Usually you would think of a Lakehouse as a hard core Engineering thing, Microsoft made it so simple , I was very pleased by loading files directly from the UI.

Edit : we got Fabric activated in our tenant, I quickly created some Delta Table using Python in Fabric and they start showing up in my my OneLake drive, it is just a surreal experience.

First Impression of the Synapse DWH

Probably, you are reading this blog to understand how good the new Synapse DWH is. The short answer :  it is very Good. As far as I am concerned, it has nothing to do with the previous generation and maybe they should have not kept the word Synapse at all.( I never liked Dedicated Pool)

It is still in preview, so some functionalities are not available yet, for example, there is no query history, sometimes it get stuck in some queries, but let me tell you this, I have tested quickly maybe more than 10 DWH service, it is the easiest by far (once you get the initial confusion between Lakehouse and DWH)

In Other DWH, I had to load the data first to a cloud storage then run the Queries, with Fabric, the Python notebook is there by default, there is nothing to provision, you just write code.

I used DuckDB to generate the Parquet files for TPCH-SF100

Some observations : 

  • I was a bit confused as the notebook just worked without me doing any provisioning.

I am not a huge  Spark fan, but with Fabric, it is nearly hidden. All you have to focus on is writing SQL or Pyspark, I like this very much.

  •  The Data was written so fast to OneLake, I thought the Lakehouse was using something like S3 EBS 🙂 it is not, I presume because it is a Microsoft Product, they are getting some spectacular  throughput from Onelake.
  • When you have multiple Lakehouse in the same Workspace, it is not very obvious which LH is active, and using this path   ‘/lakehouse/default/Files’ you may end up writing to the wrong LH
  • I did not know how to use Copy from files to create Tables in the DWH, so instead I used Pyspark to write Delta tables into the LH

As I said previously, there is no Query History, so i don’t know the duration for every Query,  all I can show is the screenshot of the total duration, 2 min

You mileage may vary, for example in another run, I got 5 min

The last run i got this less than 2 min

Snowflake more or less gets around 2 minutes for a cost of 2 $/Hour for the basic edition,  I am not sure how much Compute the SQL Engine is consuming so I can’t compare for now, but keep in mind the same workload took Synapse serverless 10 Minutes !!!

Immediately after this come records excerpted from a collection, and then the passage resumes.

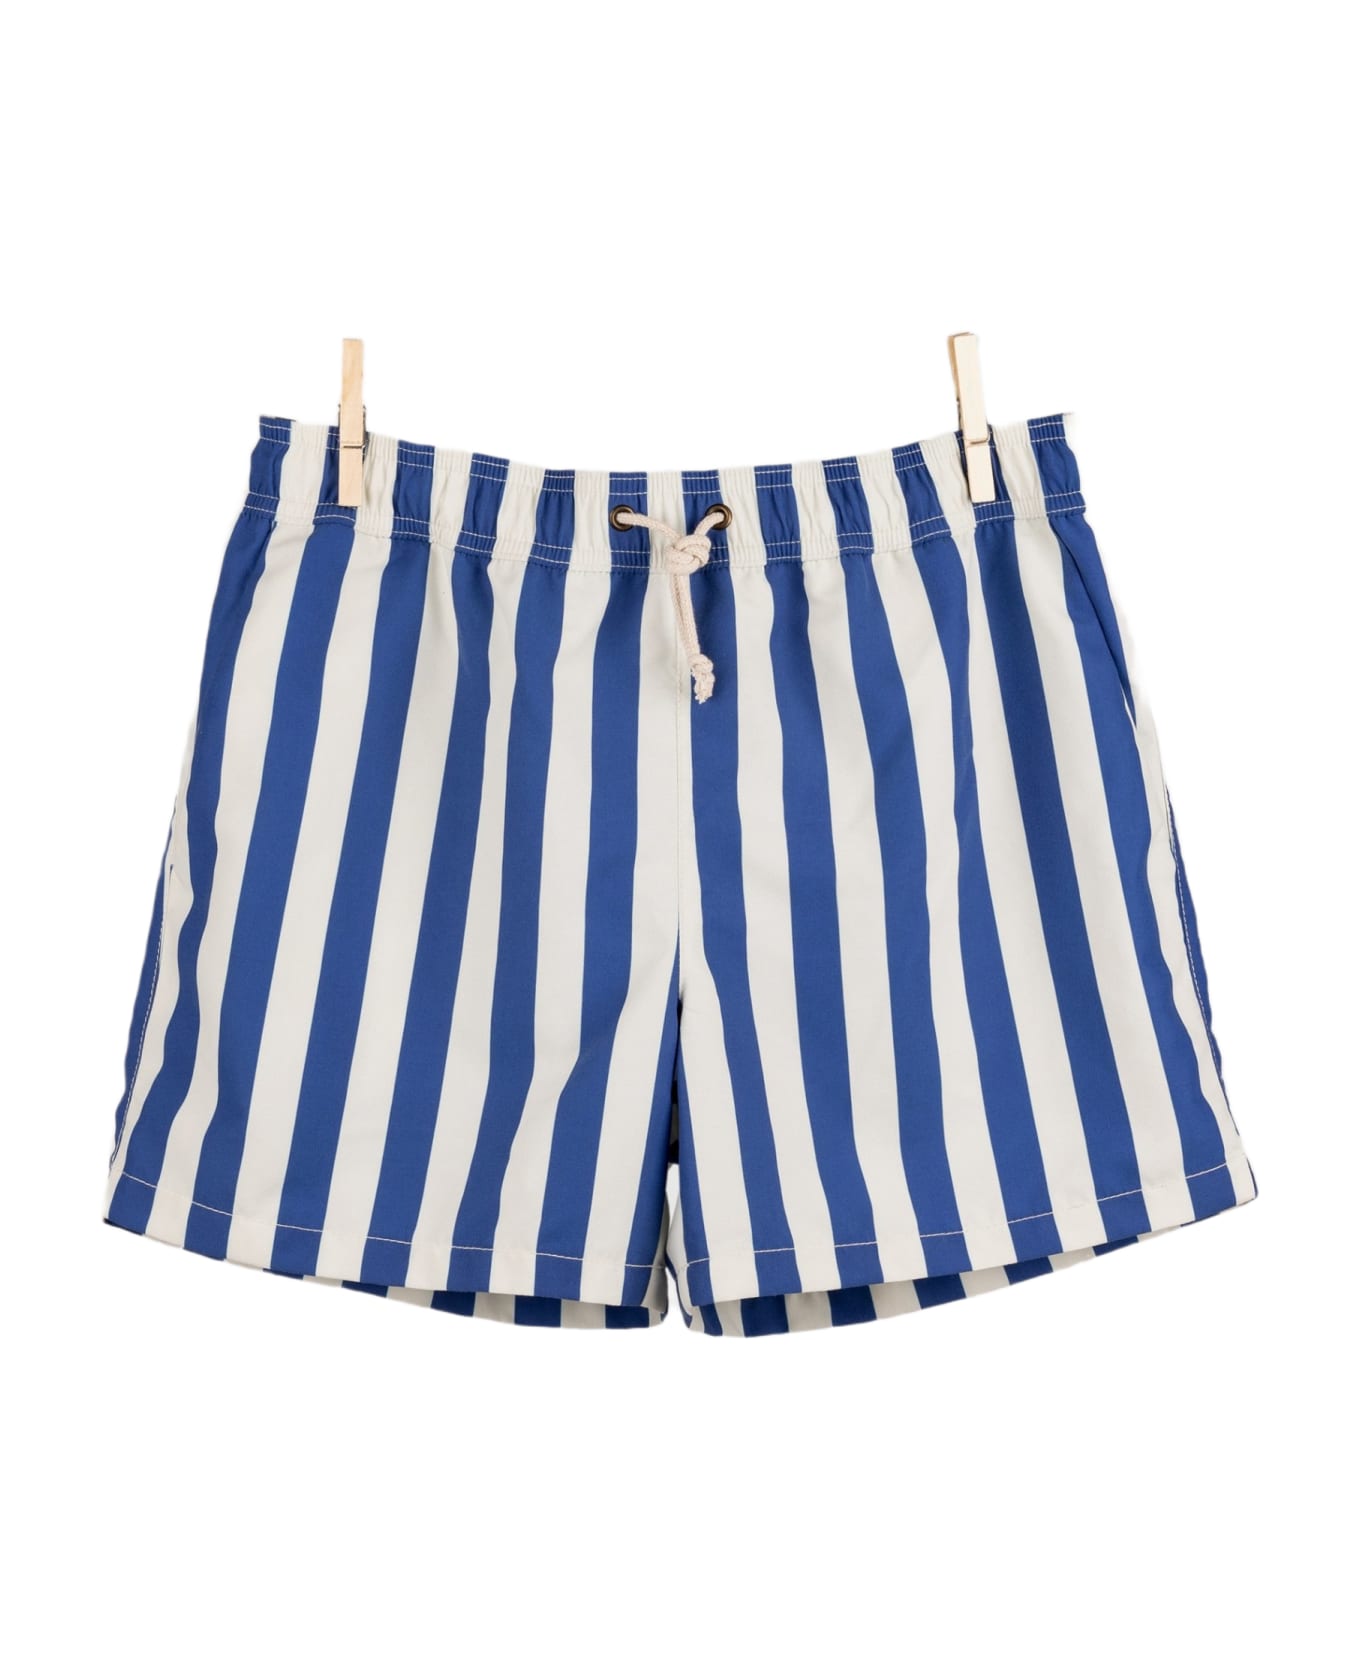 Ripa Ripa Paraggi Blu Swim Shorts - Blue
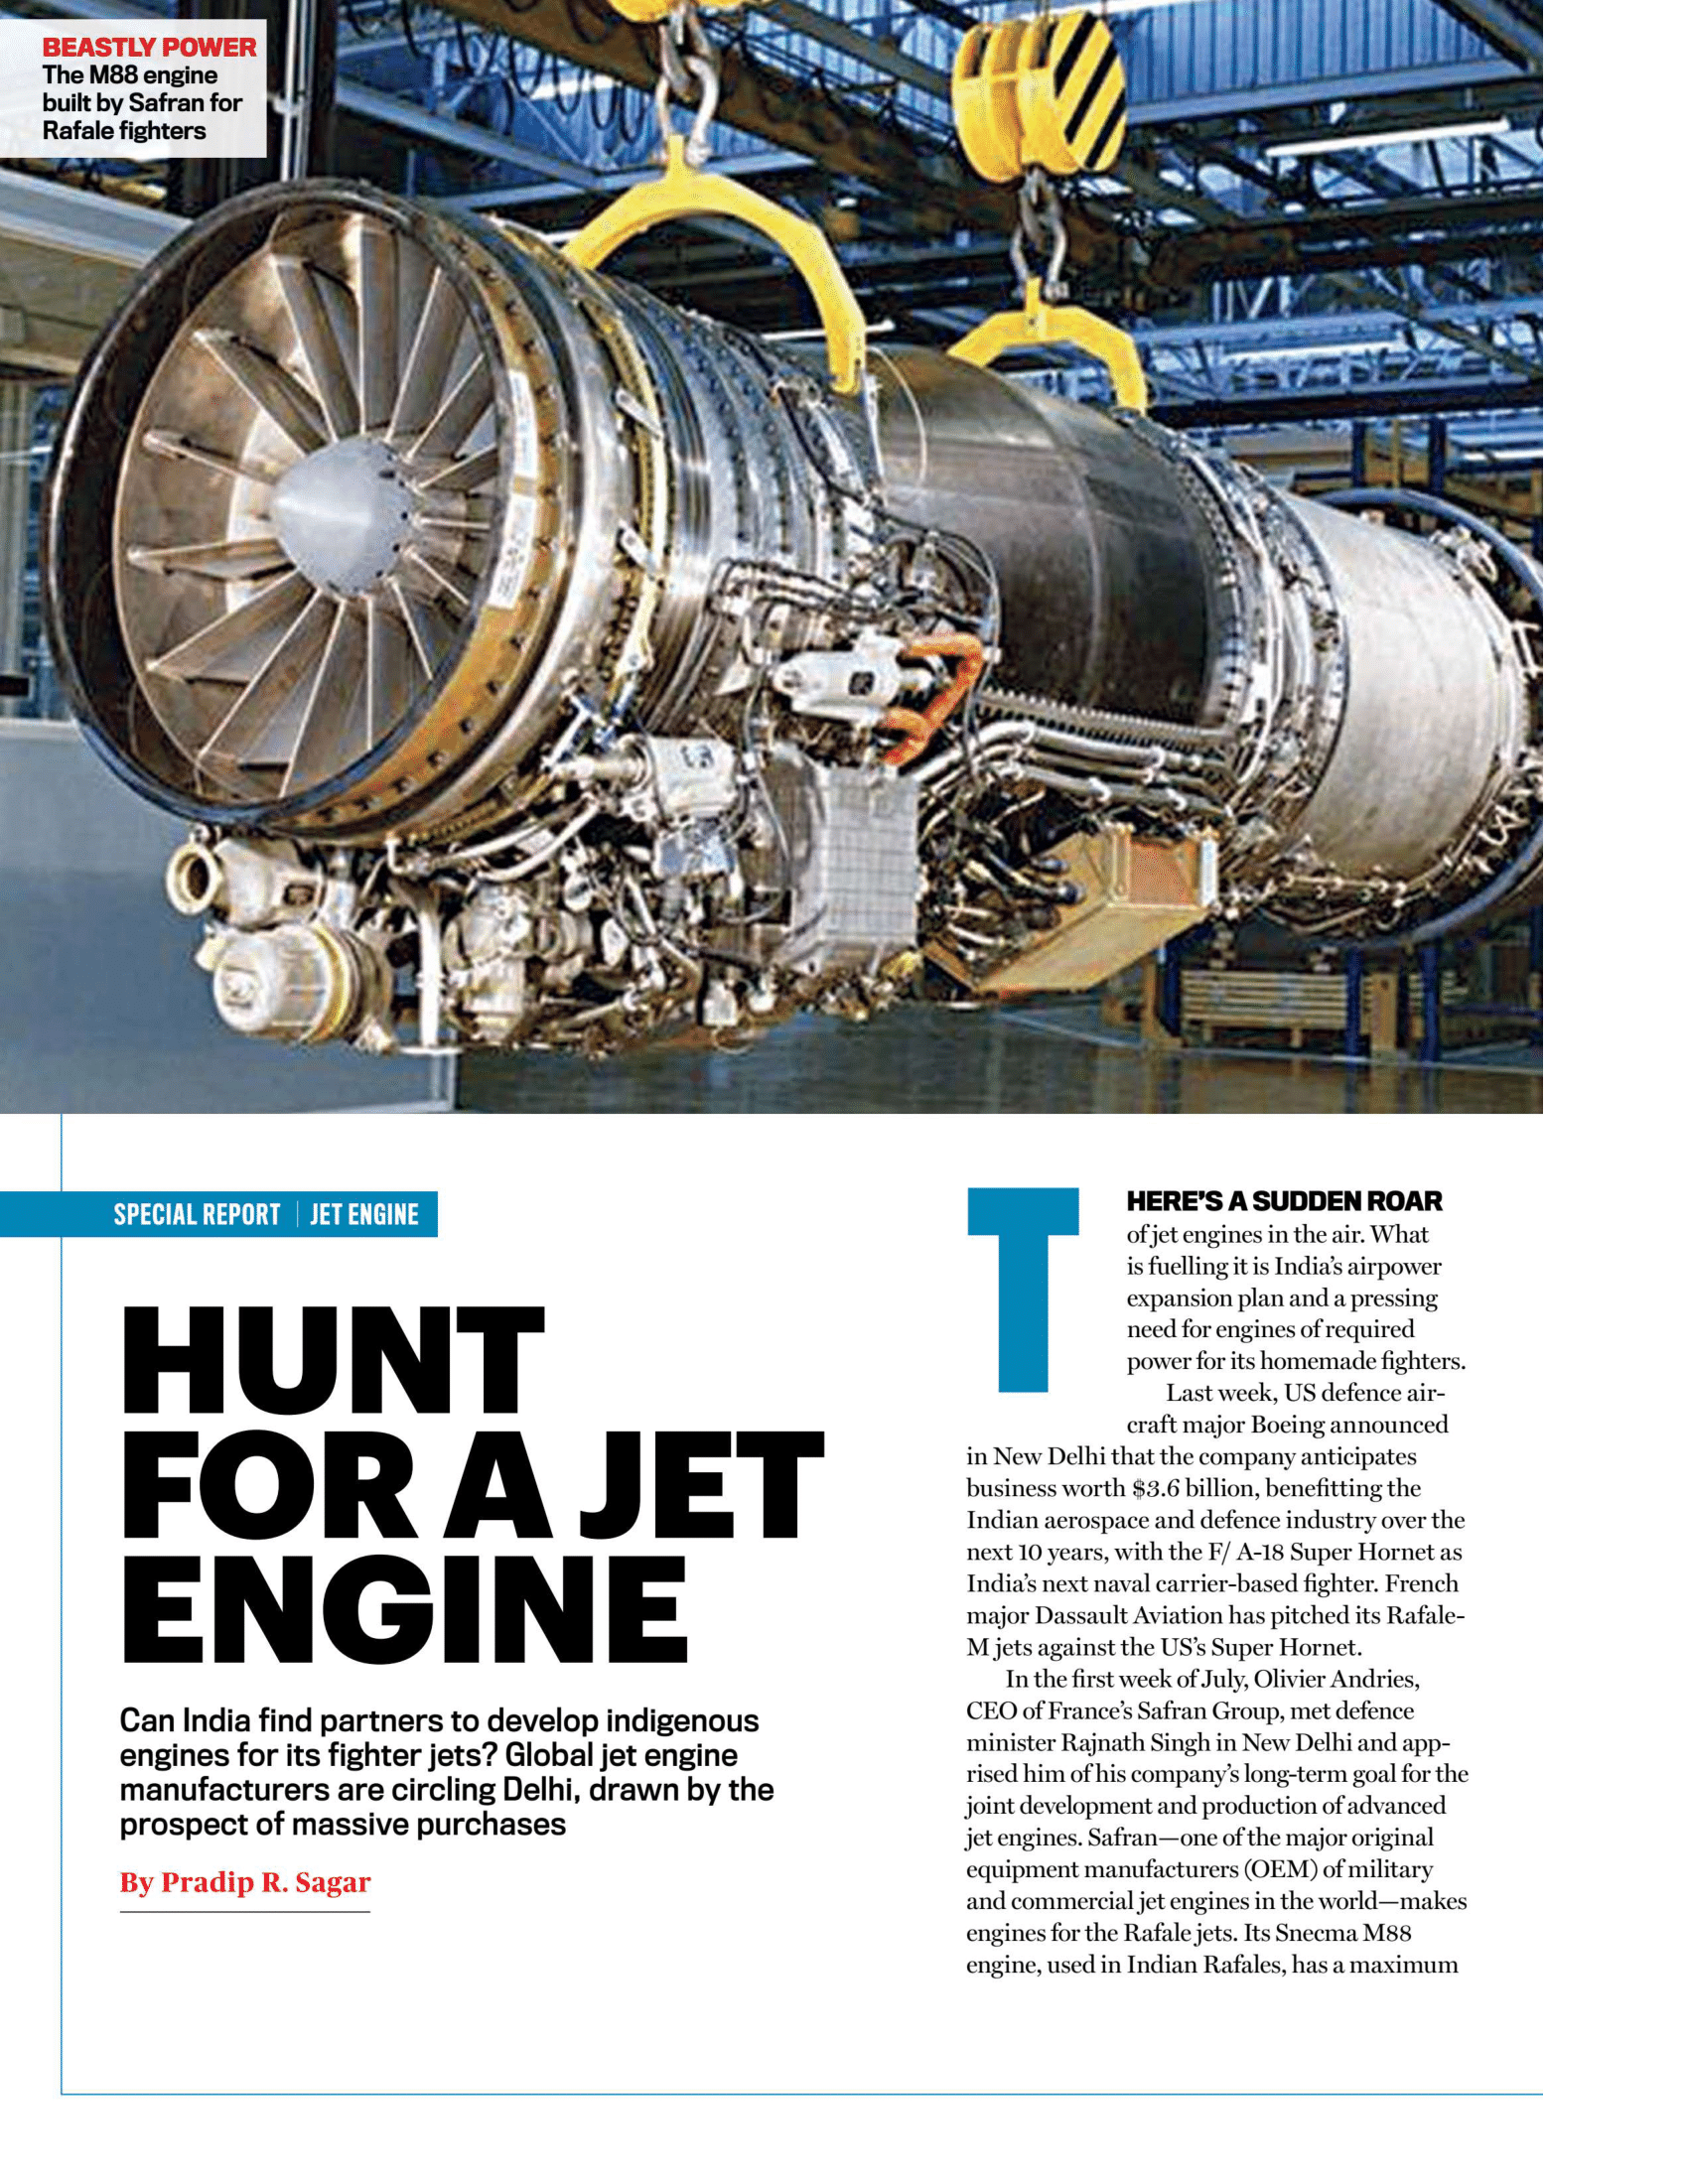 Jet engine-1.png
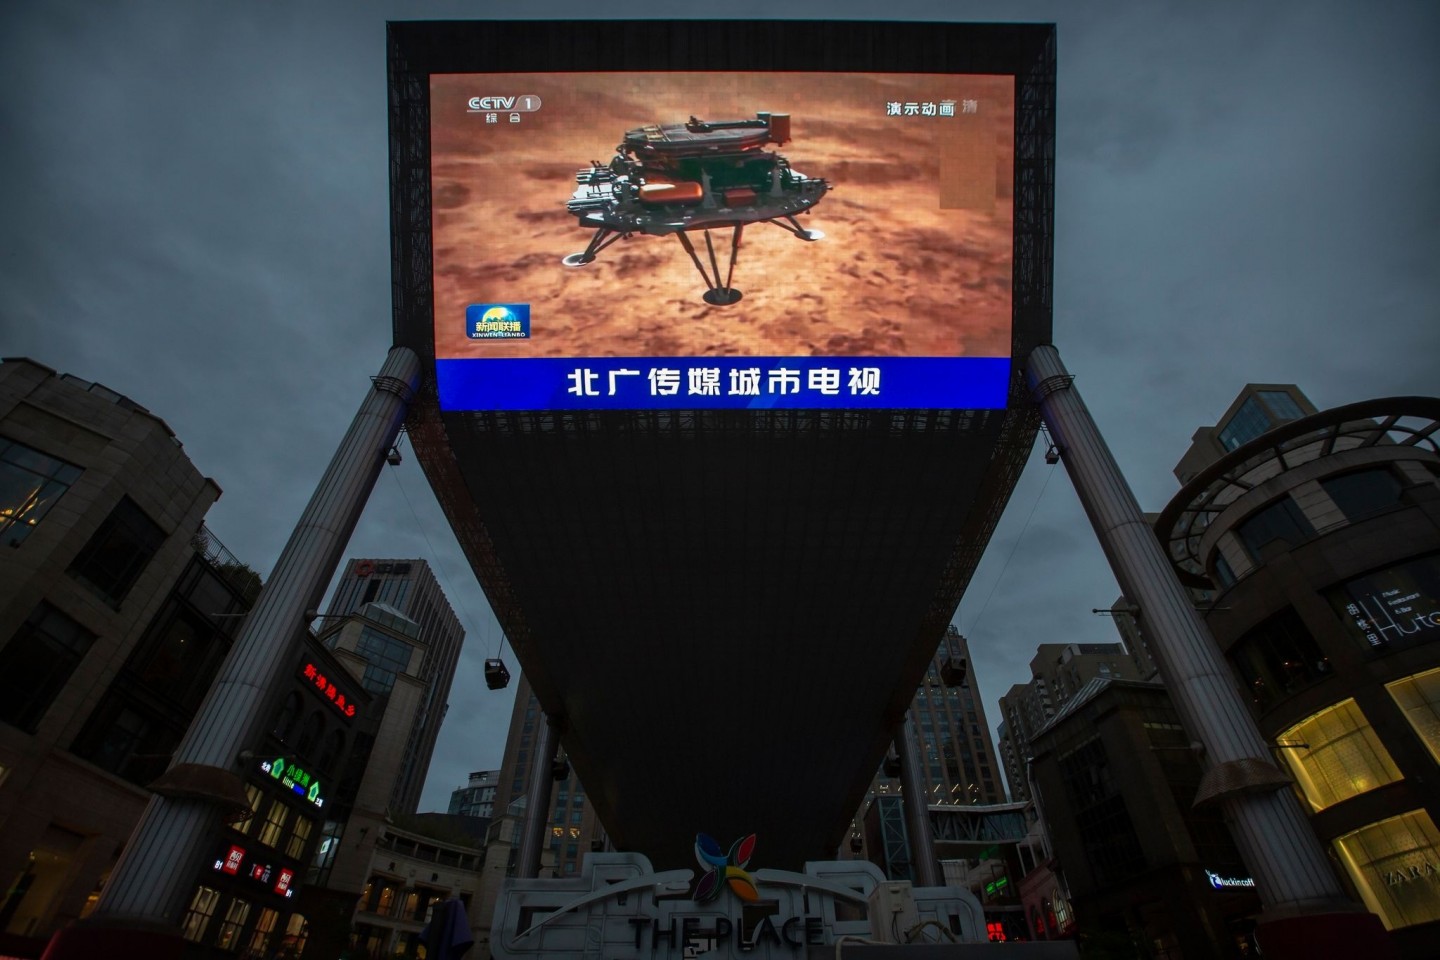 Feiertag für das chinesische Staatsfernsehen: Eine Nachrichtensendung über die erfolgreiche Landung einer Sonde auf dem Mars wird auf einem großen Videobildschirm gezeigt.
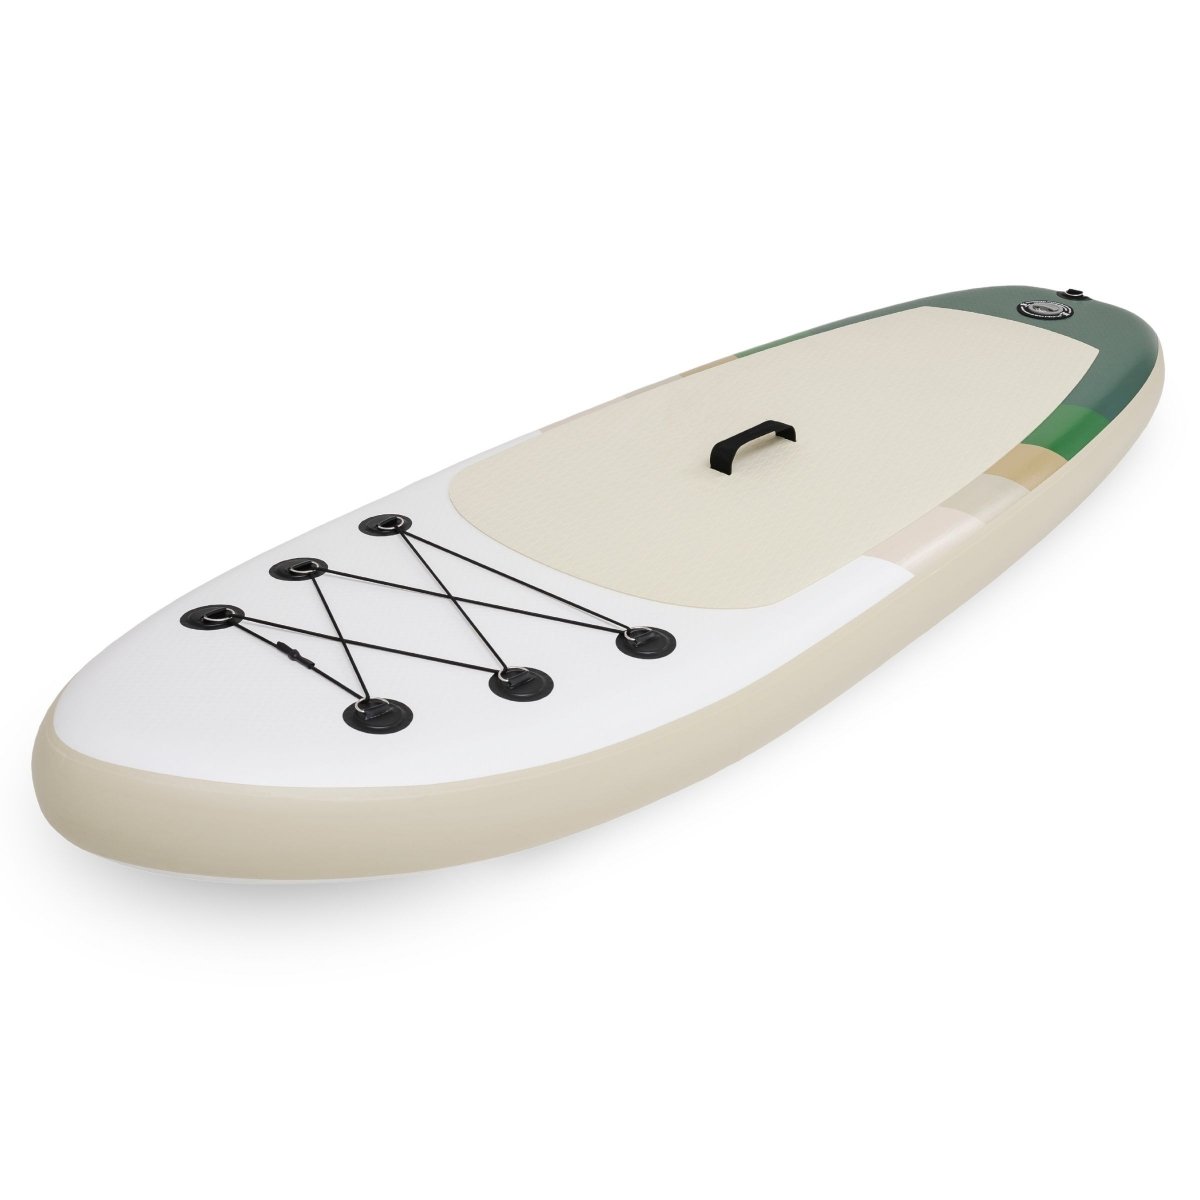 Pompowana deska SUP dla dzieci Stand Up Paddle 215cm z wiosłem - HyperMotion WAVE BOOST 215

Notice here, I did not have to understand anything about Table distribution nor provision any ressources, I think conceptually Synapse DWH is more like BigQuery than Snowflake or Databricks SQL.

Vertipaq Direct lake Mode.

Vertipaq which is the Query Engine for PowerBI got a lakehouse treatment too, traditionally, Vertipaq was a pure in-memory DB, it means, you have to import the data to its proprietary format before doing any analysis, this is all well and good till you have a data that’s bigger than the available memory, this limitation is no more, you can read directly from remote storage, to be honest I was suspicious, to make it worst the first public release of Fabric had a bug that made the performance not that great, I did try it today though with a new update, and all I can say, this is the fastest thing I have seen in my life, 2.6 second for a group by of of a 600 M rows

Some observations : 

  • This is all new, so we don’t have best practise yet, but just my gut feeling, if the data is small enough that it fit your memory, I suspect, import mode is unbeatable, but because with DirectLake mode, we have a separation of storage and compute that open all kind of scenarios for pure logical models ( that’s a book by itself)
  • It is not because it is fast, you can do anything, I notice a penalty when using very high cardinality columns in relationship, I would have being surprised if it wasn’t
  • In DirectLake mode, Vertipaq do columns pruning, which was one of the biggest complain about Import mode, now only used column will be loaded from Onelake to the memory
  • I have not tested it yet, but it seems Vertipaq will pushdown filters to Delta Table and load only required data, I presume it will leverage the Delta log.
  • Lakehouse + Vertipaq seems like a very attractive pattern that I feel we may even not need DWH at all ( Just trolling the DWH Team or maybe not) 

What I did not like 

  •  I do have access to Premium so that does not impact me personally, but I did not forget from where I came, Pro is still the only way for a lot of people to use PowerBI and as far as I can tell, Fabric does not mean much for them.
  • DWH and Lakehouse offering got all the attention for obvious reasons. Microsoft wanted to tell the market they are back driving innovation in the Data space, but I did not hear anything about Datamart’s future, I do believe it is a critical workload to address.
  • Feature management in Fabric is problematic, only Tenant Admin can turn things on and off, so even if you paid for a capacity, you are at the mercy of the admin. I think with Fabric, capacity admins and workspace admin needs more granular control. Edit, was corrected by Chris , capacity Admin can override Tenant Admin, that’s fantastic decision
  • Capacity management, I know it is a free trial now and Microsoft is paying for the  compute resources, but I think more documentation explaining in a very simple language how resources consumption works, all you need is one user doing something silly and people get the wrong impression.
  • IMHO, they should have added Logic App with Fabric, a lot of users are not comfortable using a Data Factory for scheduling.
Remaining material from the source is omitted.